───── DATA BLOCK ─────

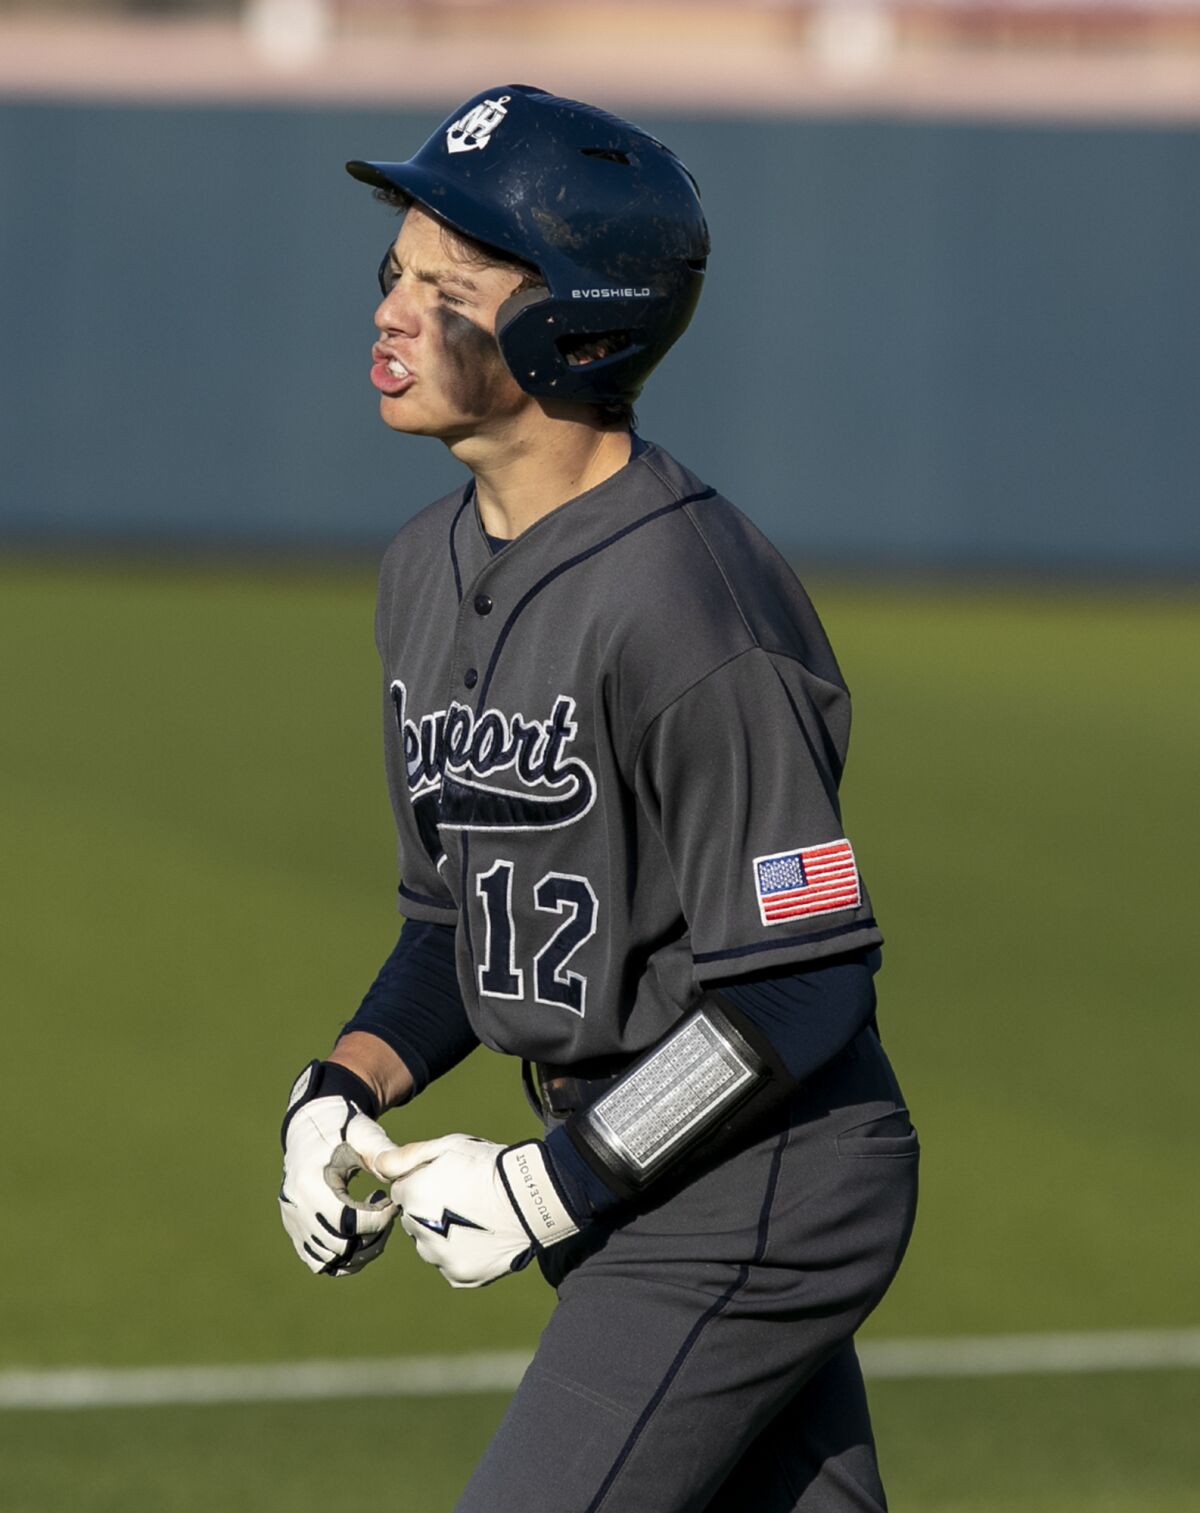 Newport Harbor's Nick Montgomery celebrates after beating out an infield single for a run batted in on Friday.
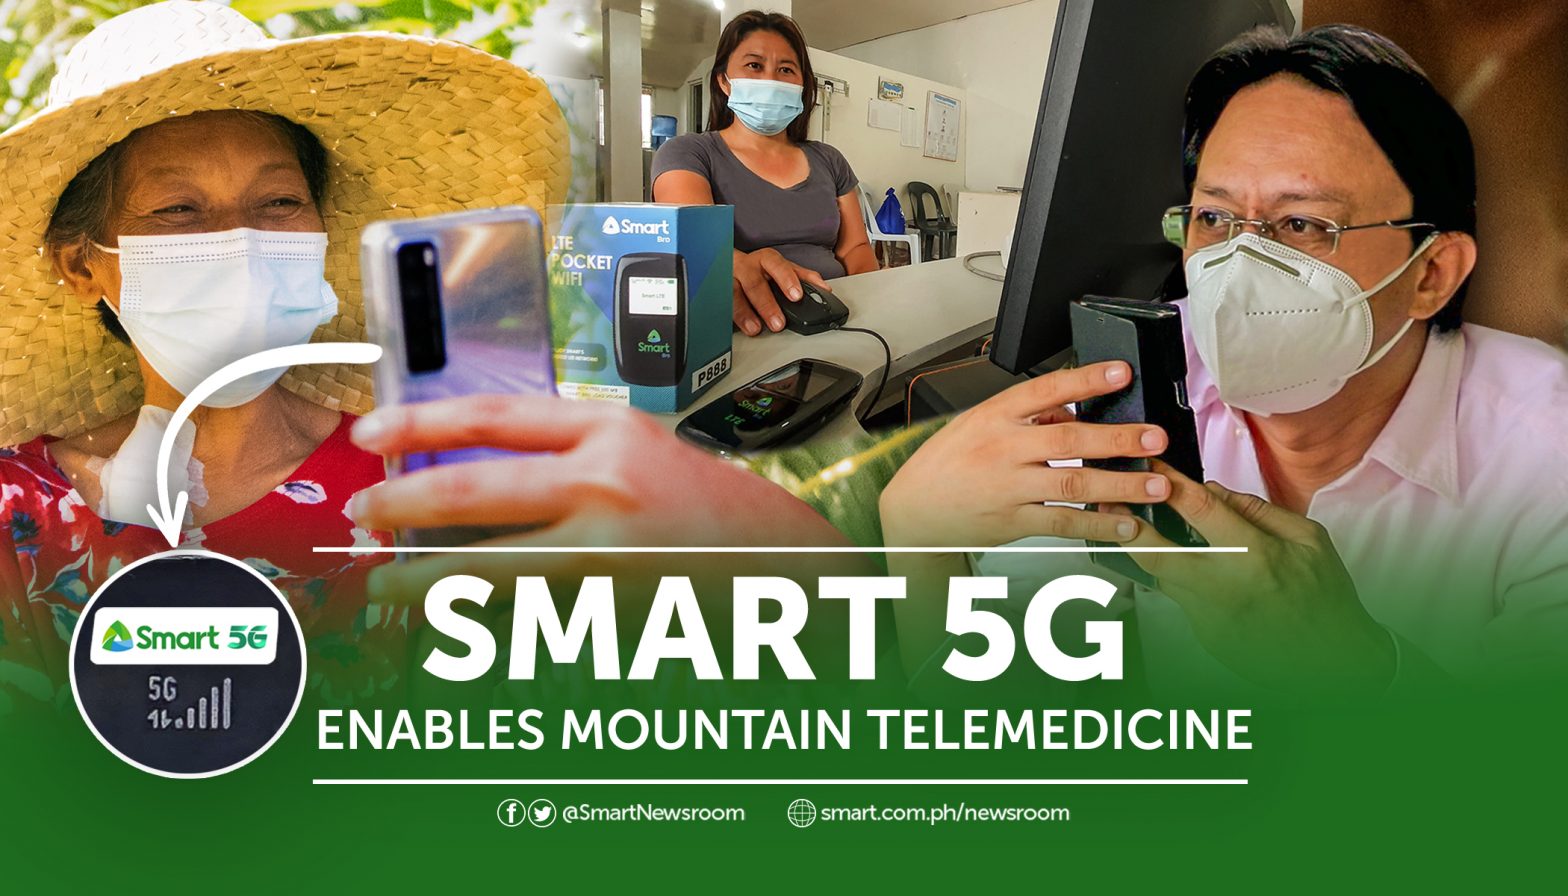 Smart’s 5G site in Argao enables mountain telemedicine, brings help and hope
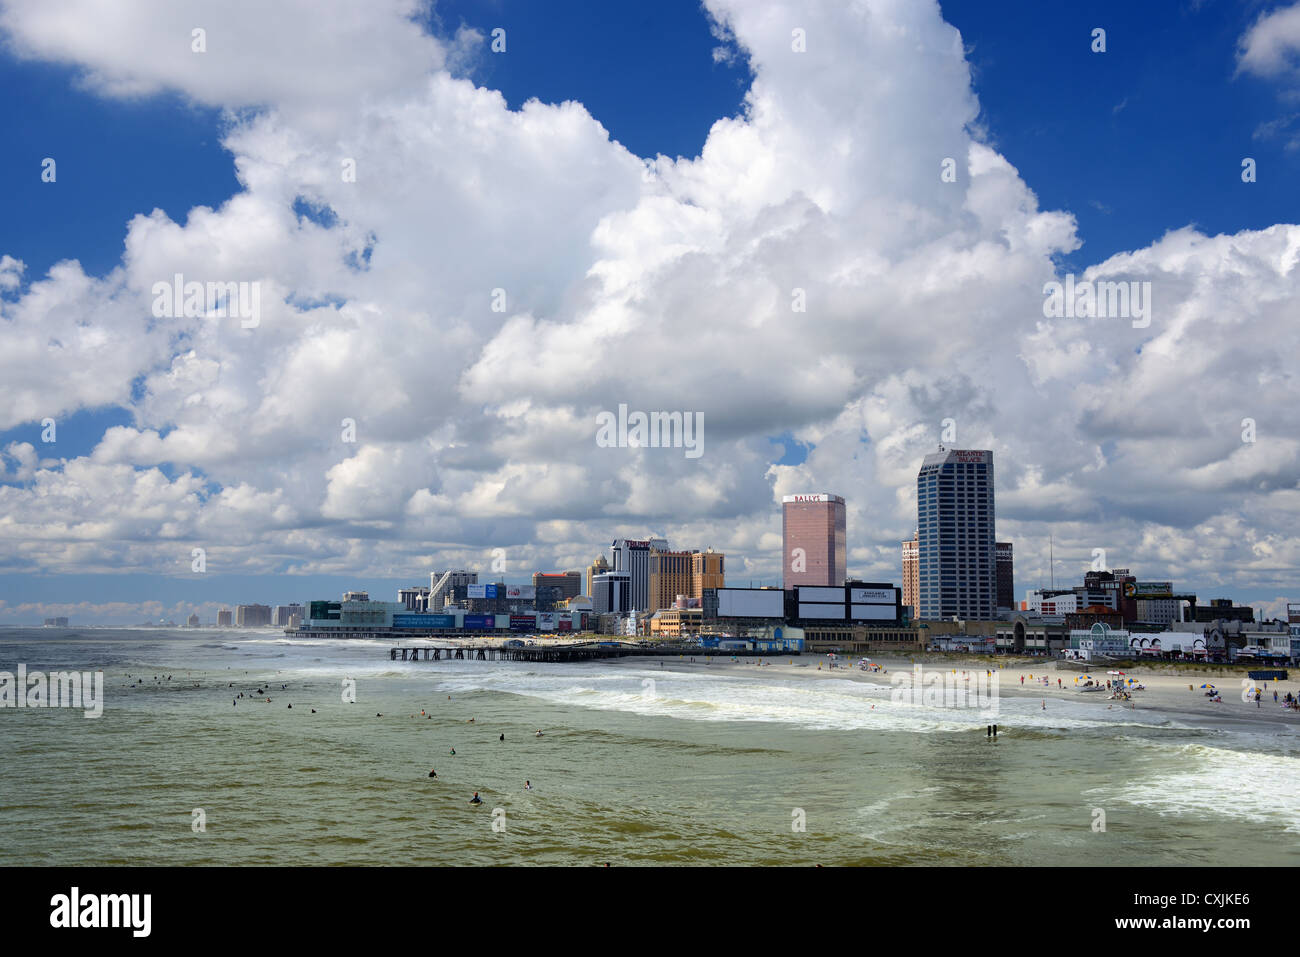 Atlantic City, New Jersey Skyline with building logos visible. Stock Photo
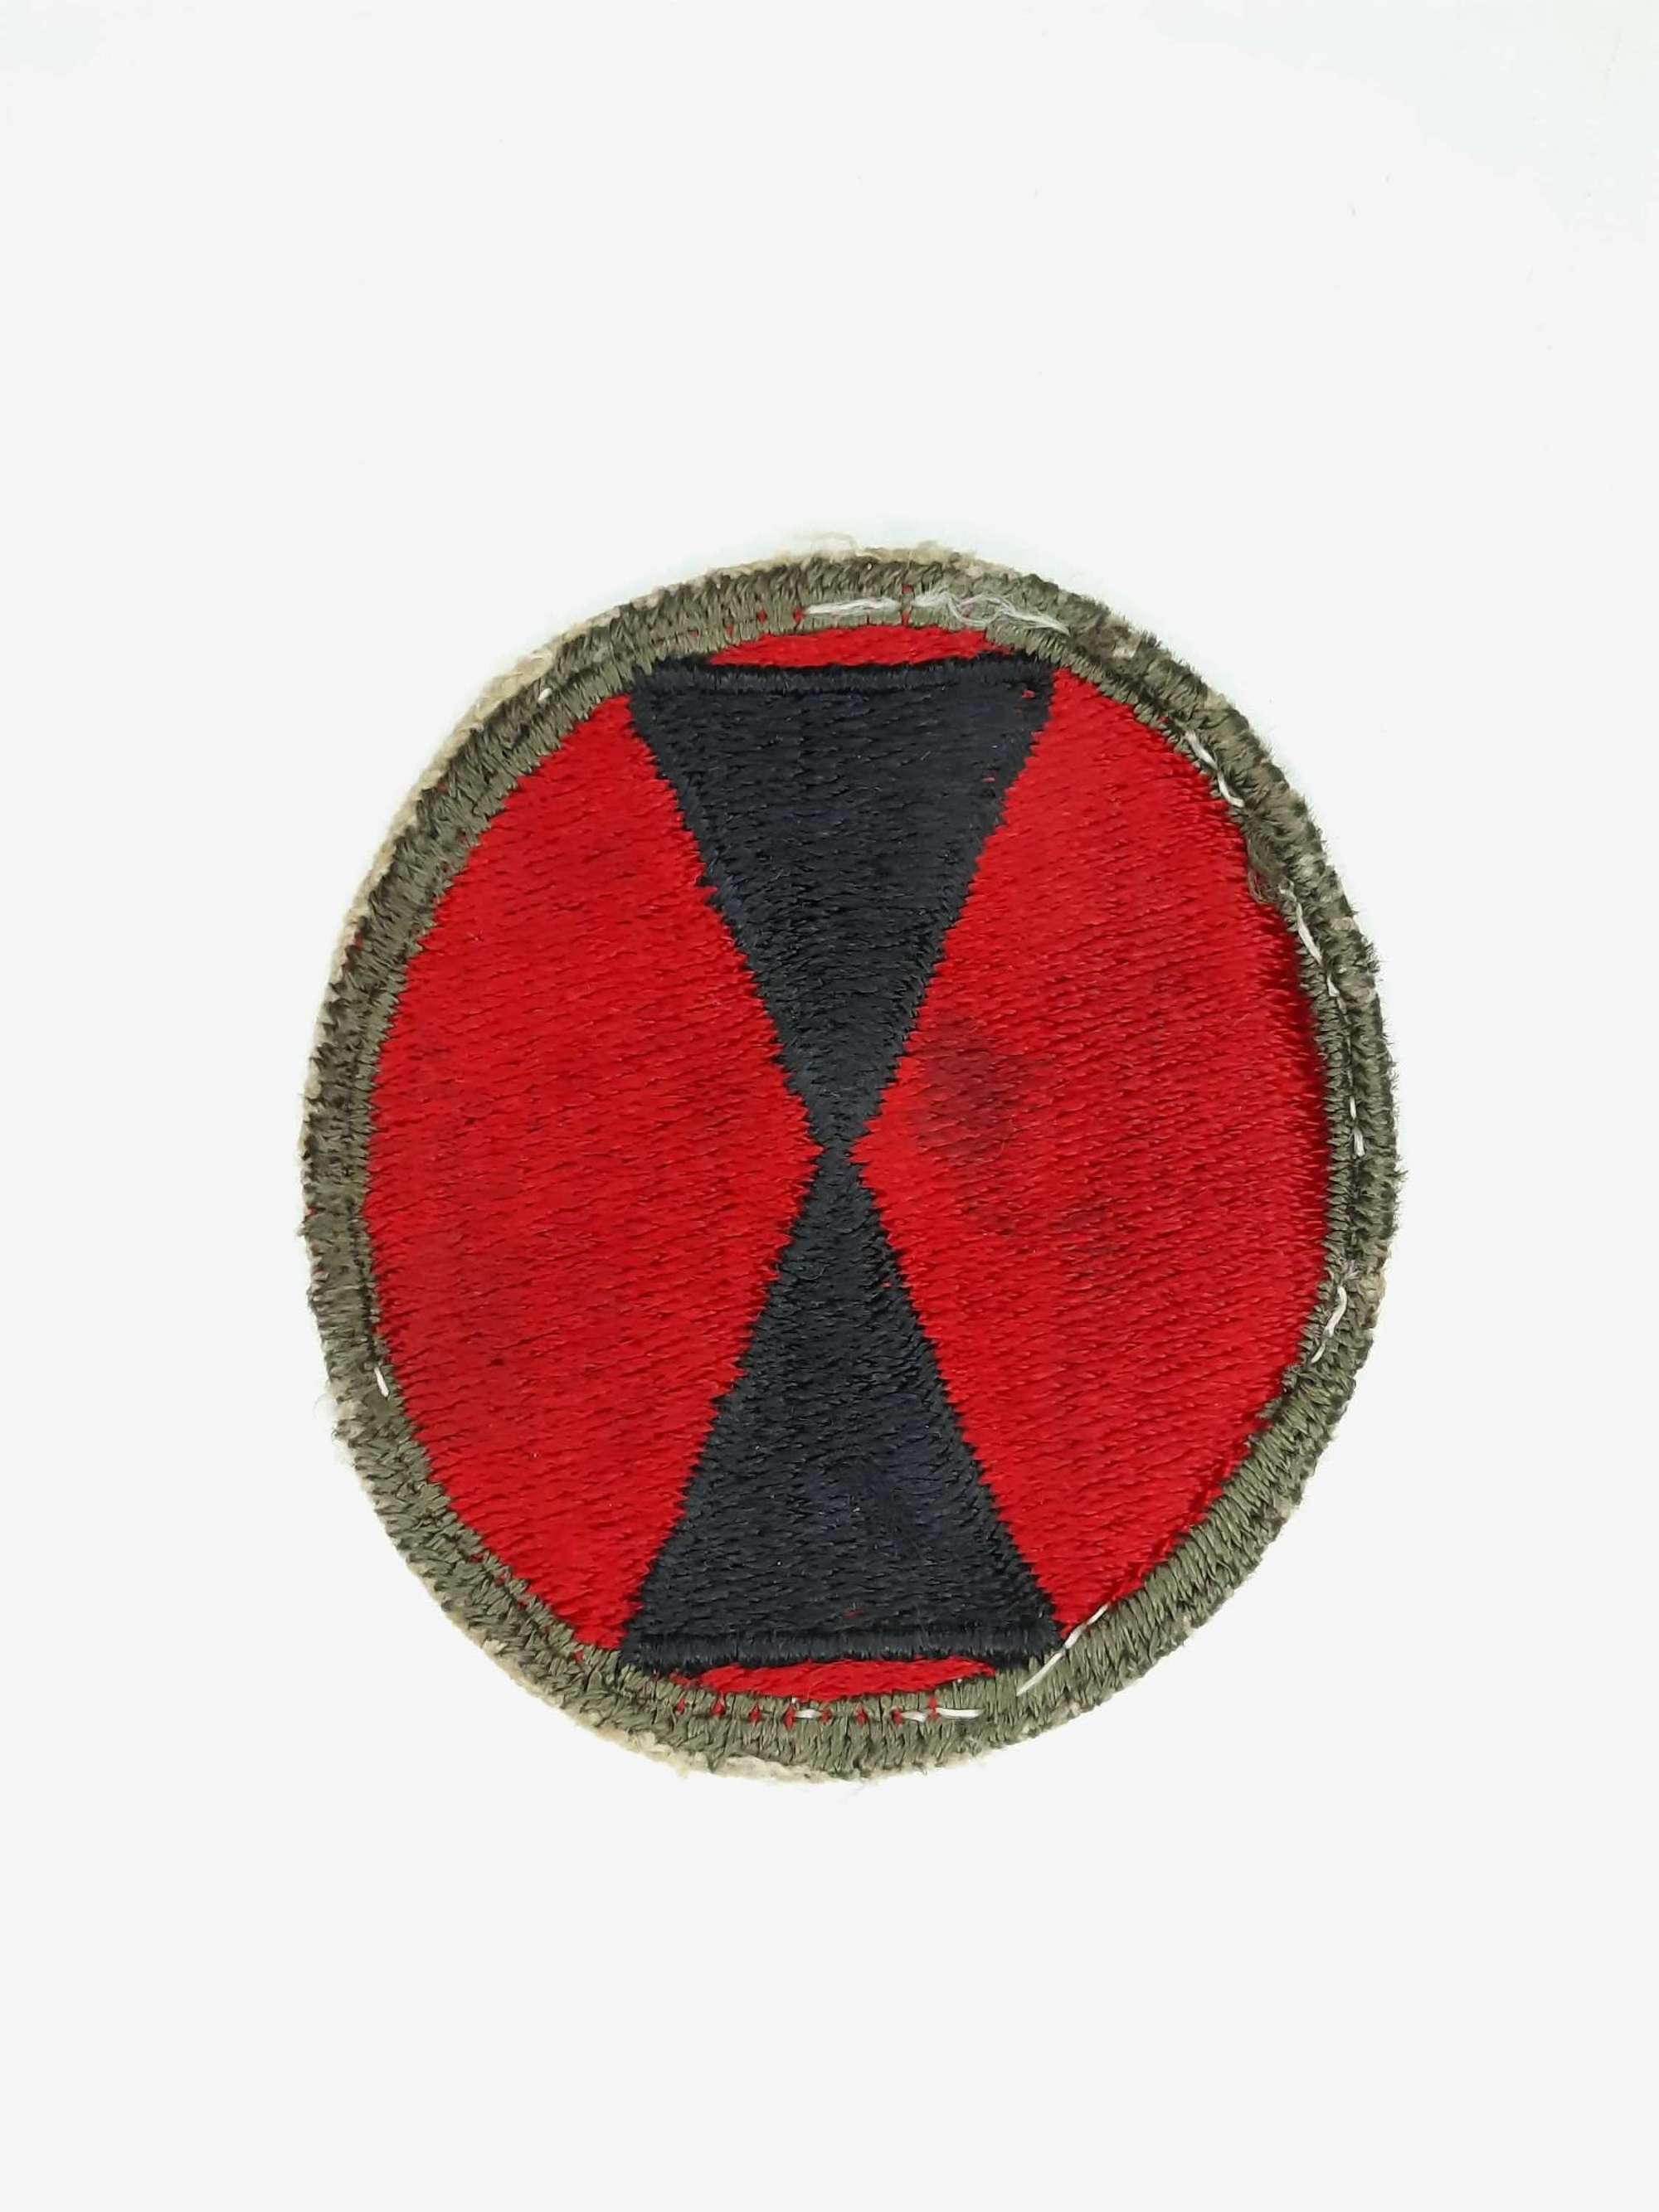 WW2 US 7th Infantry Division Patch

─────

PROBLEM DETAILS
Give back the material above exactly, but without its images.

ANSWER TO THIS EXERCISE
 Newport Harbor's Nick Montgomery celebrates after beating out an infield single for a run batted in on Friday.
 Smart’s 5G site in Argao enables mountain telemedicine, brings help and hope
 Atlantic City, New Jersey Skyline with building logos visible. Stock Photo
 WW2 US 7th Infantry Division Patch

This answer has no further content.